My students have a broad world-view because they are the world. They represent it. So does our teaching staff. Cultures, countries and religions represented by my colleagues include: India, Mauritius, Singapore, Vietnam, Greece, Portugal, Guatemala, French-Canadian, Aboriginal, Hindu, Christian, Sikh, and Jewish.

Our school does not begin and end at the schoolyard gate. We raised $14,000 in support of victims of the Tsunami in 2004. On two occasions we have raised over $10,000 and sent a small contingent of students and teachers to Honduras in Central America to build schools in poverty stricken, remote areas. Our Green Team worked tirelessly for three years to protect the wetland adjacent to our school that was slated for development.

It is natural then, that our students have been involved in global and environmental education. They actively are “the change we wish to see in the world”. (Gandhi)
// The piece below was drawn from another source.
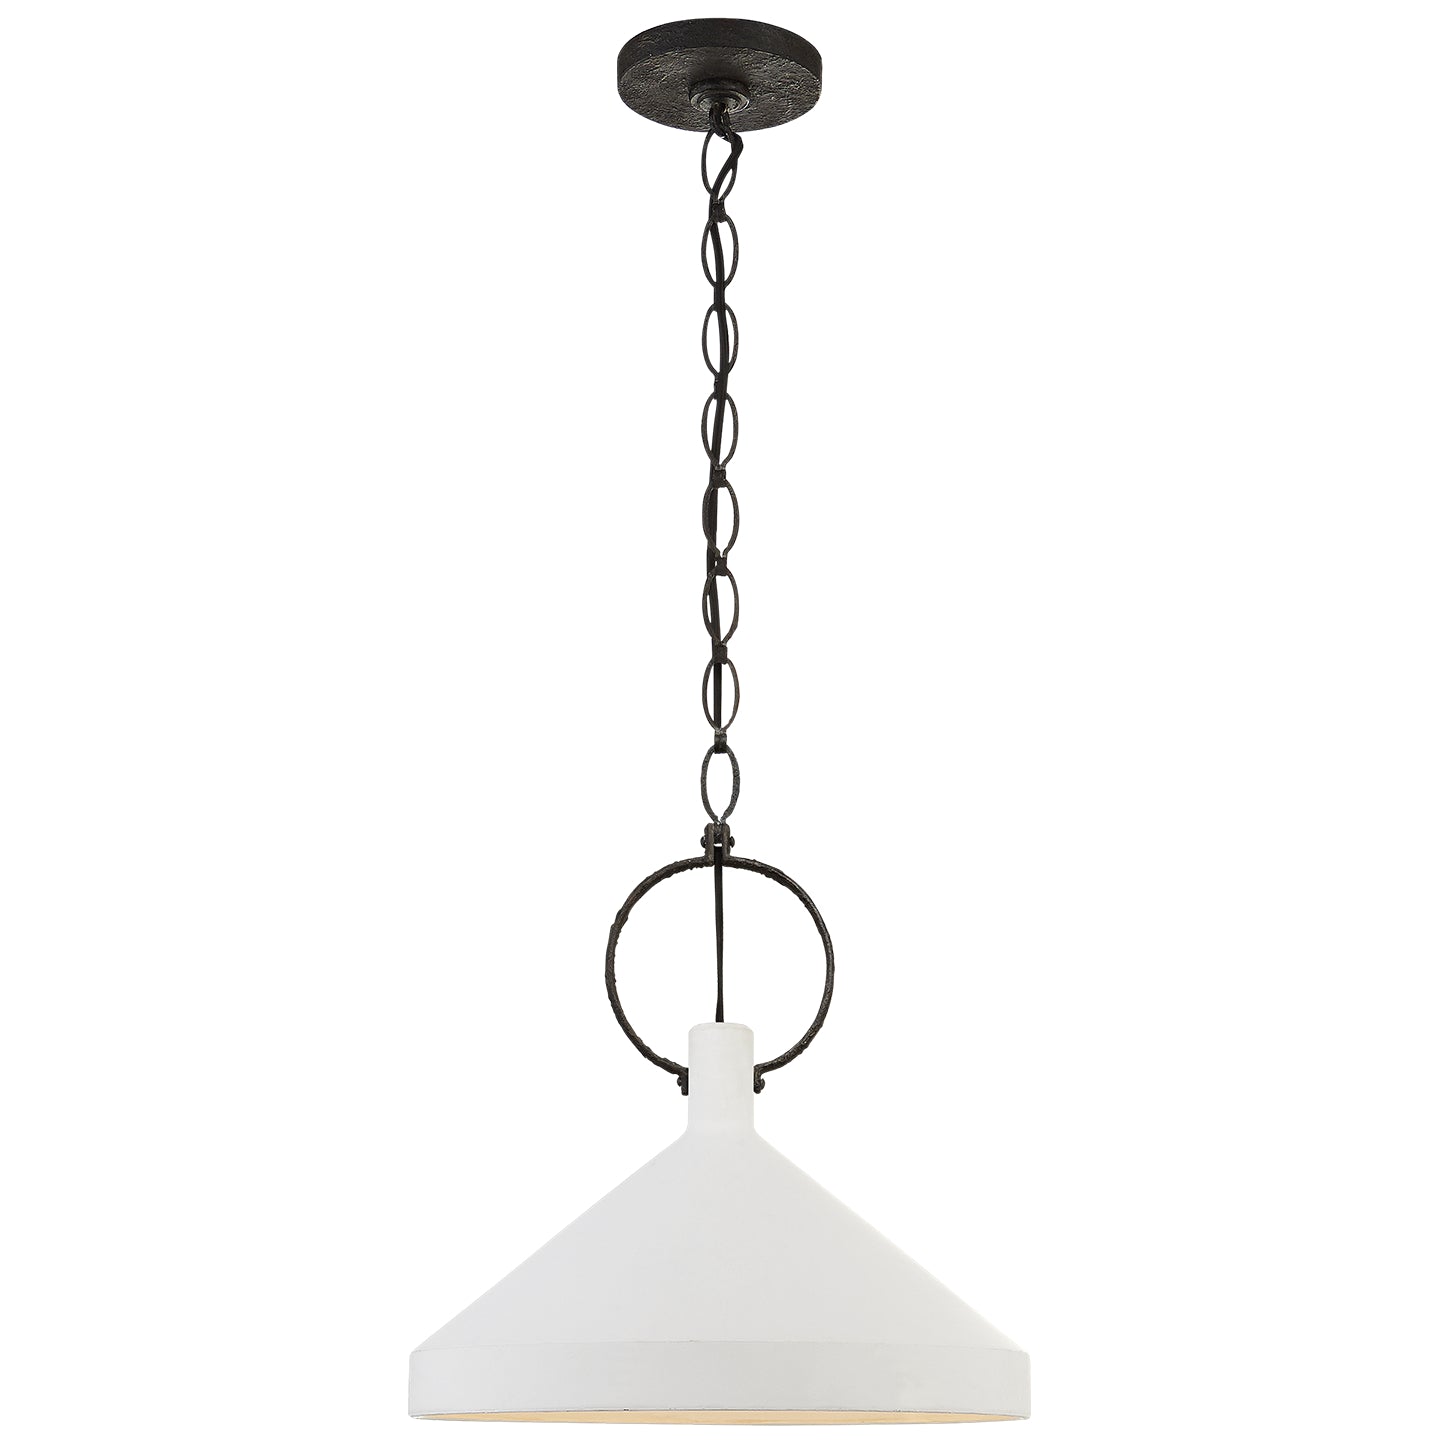 Load image into Gallery viewer, Visual Comfort Signature - SK 5363NR-PW - One Light Pendant - Limoges - Natural Rusted Iron

Each year, classes are challenged to complete a project together around a theme. This year’s project has as its focus, the environment, a response to our theme for the year: “We are all connected.” Last year’s goal was to raise money for Honduras. After the class saw the series of “Where the Hell is Matt?” videos, in which a young traveler danced around the world, they decided that they wanted to create a video to educate the world about an environmental issue. They chose the problem of bottled water, a significant producer of energy and environmental waste. They have researched the problem and have written a series of fact sheets and slogans that can be used by classes, friends and family around the world. People have been invited to send a short video clip of their group announcing, in their local language, an important fact or message about the problems related to bottled water. The class will be editing, adding music and fact titles. The emails have been sent out. We have our first video clip sent from Australia, with a Thai class filming this week. The class hopes the video will “go viral” on Youtube.

Global education, it seems, is alive and well at Ruth Thompson Middle School, Mississauga, Ontario, Canada.


**Adendum- I took an official language count and we totalled 14. Some were languages I had never heard of.